Vishvamitra is at the center of many classical legends of Hinduism.


Originally King Kaushika in ancient India, he is said to have renounced his kingdom in order to acquire spiritual powers. This involved several tests and prolonged meditations, during which he was often tempted by the celestial nymphs, apsaras – one of whom succeeded and begat a daughter, Shakuntala (who would grow up to become the heroine of an epic in her own right, and bear the son Bharat, after whom the land would be named).

The king is said to have succeeded in becoming a brahmarishi – a sage of the highest order – and earning the title Vishvamitra (literally, a friend of everyone, in Sanskrit).

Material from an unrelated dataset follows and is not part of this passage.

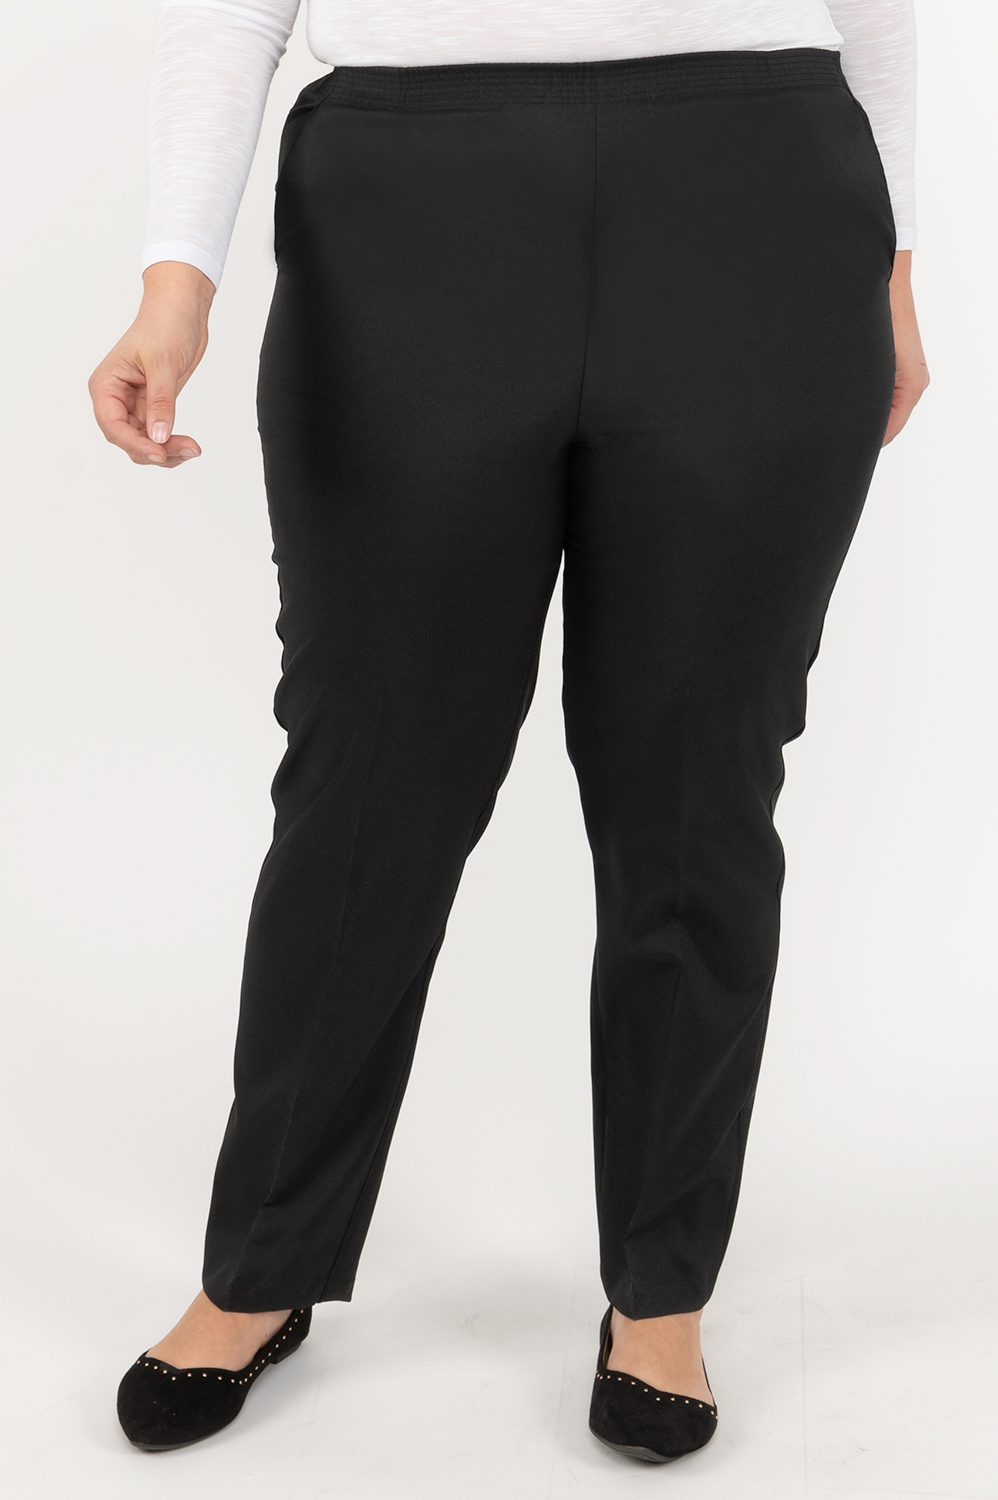 https://www.rossy.ca/media/A2W/products/elastic-waist-pull-on-pants-black-plus-size-74311-1.jpg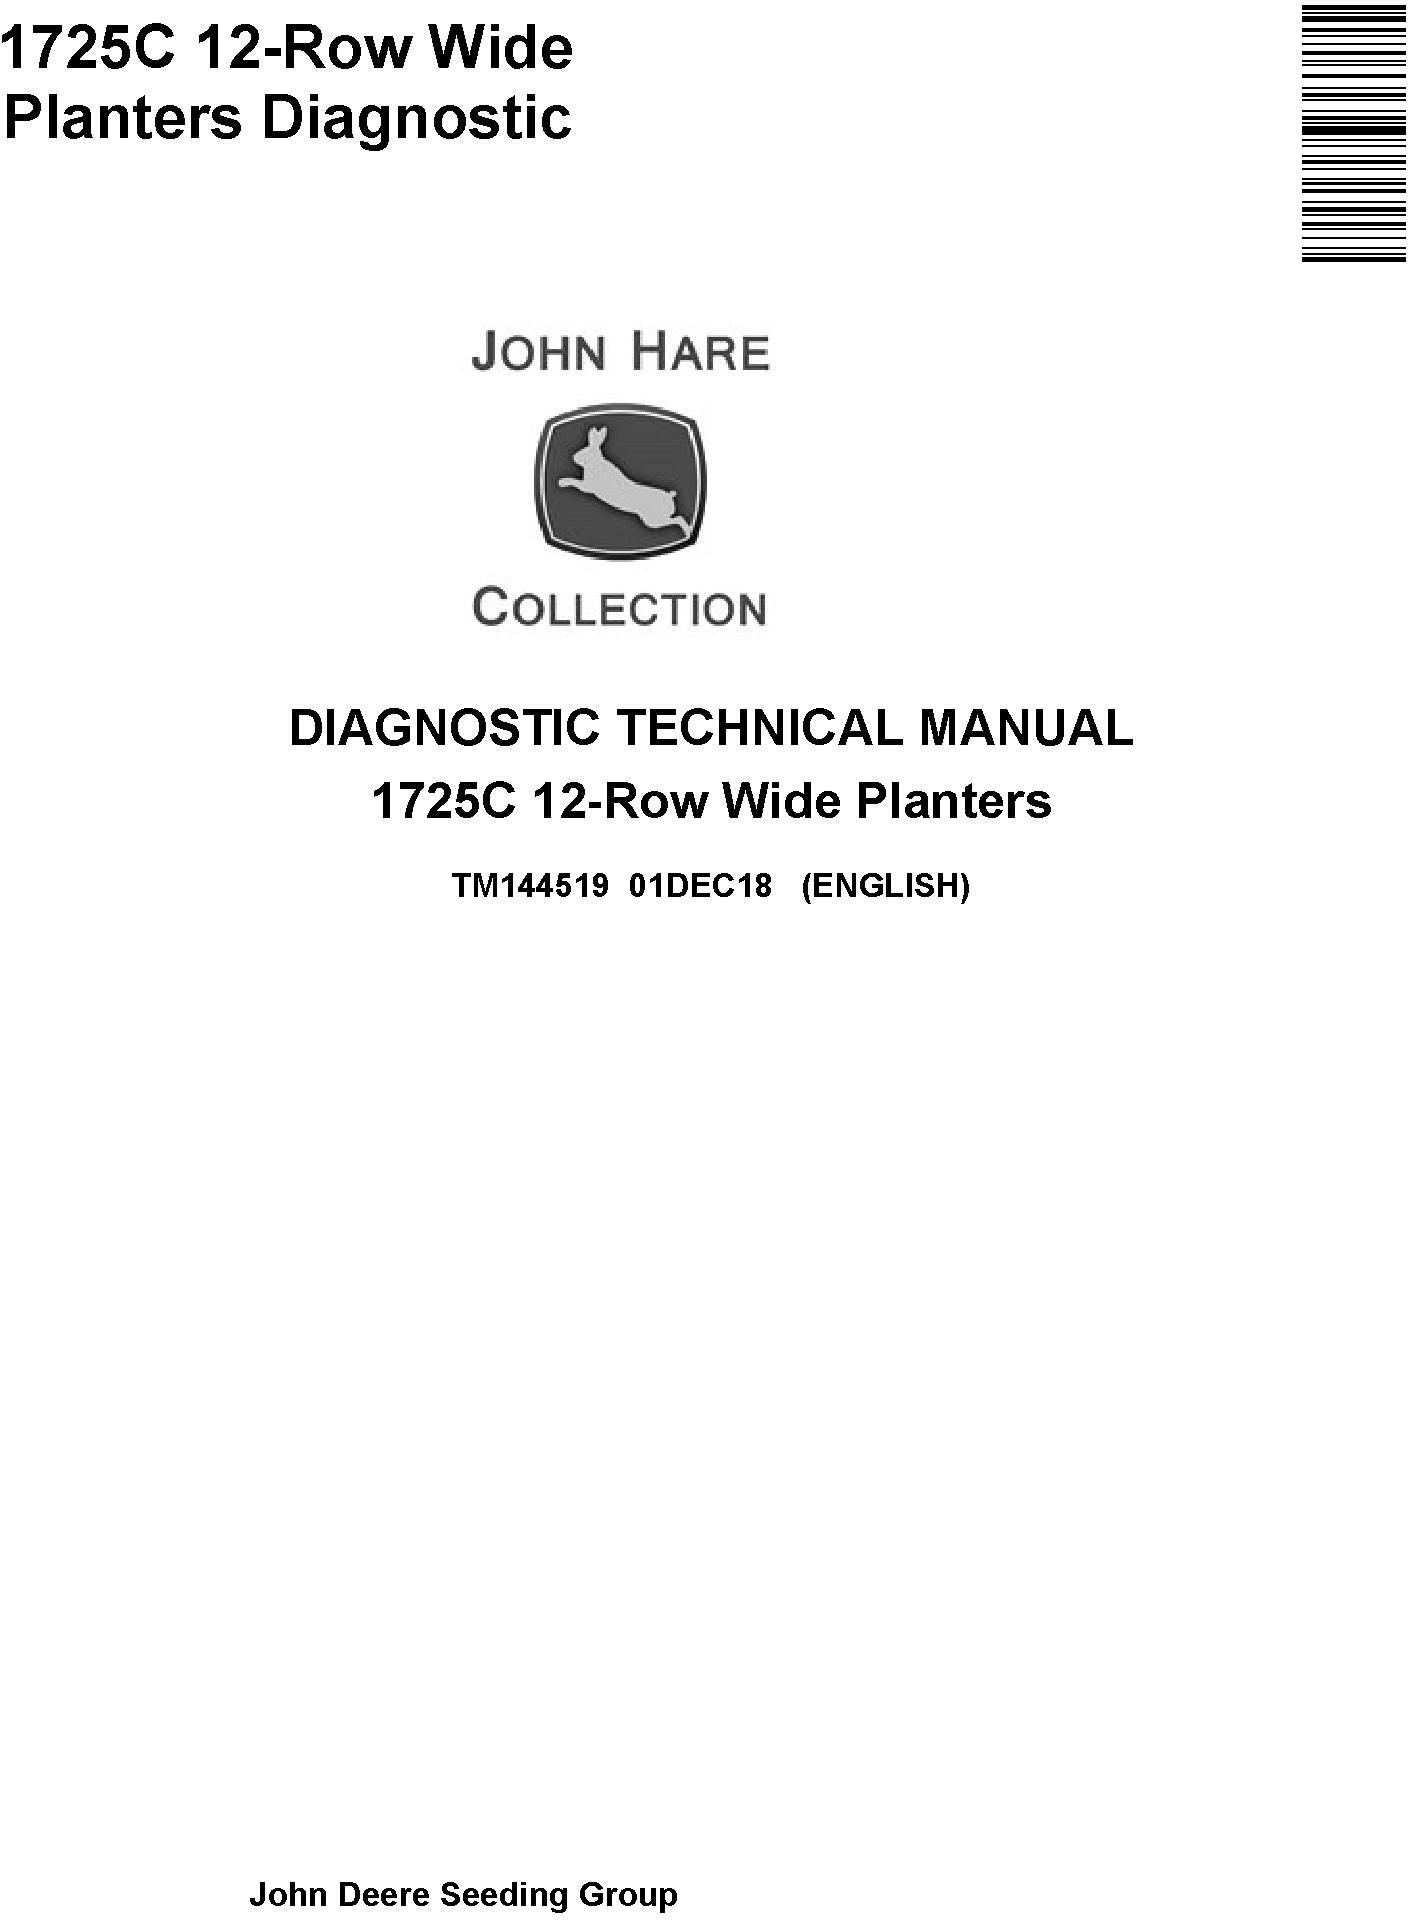 John Deere 1725C 12-Row Wide Planters Diagnostic Technical Service Manual (TM144519) - 19268

Retaining his royal temperament, he would display unusual anger as well as compassion – on one occasion compelling another legendary king, Rajah Harishchandra, to give up kingdom, while on another occasion creating an entire new heaven to lodge someone who had been denied entry into Paradise.

He was the mentor of the young Rama, the seventh incarnation of Vishnu according to the Hindu belief. He also received Gayatri, one of the most sacred mantras of the Vedas.
Iqbal adapted the mantra into an Urdu poem, ‘The Sun’, as early as 1902, and included it in The Call of the Marching Bell (1924). In Javid Nama (1932), Vishvamitra himself appears meditating in a cave on the Moon (caves have been a conventional preference for initiation rites, and hence the cave of Vishvamitra serves as the starting point for Iqbal’s celestial journey).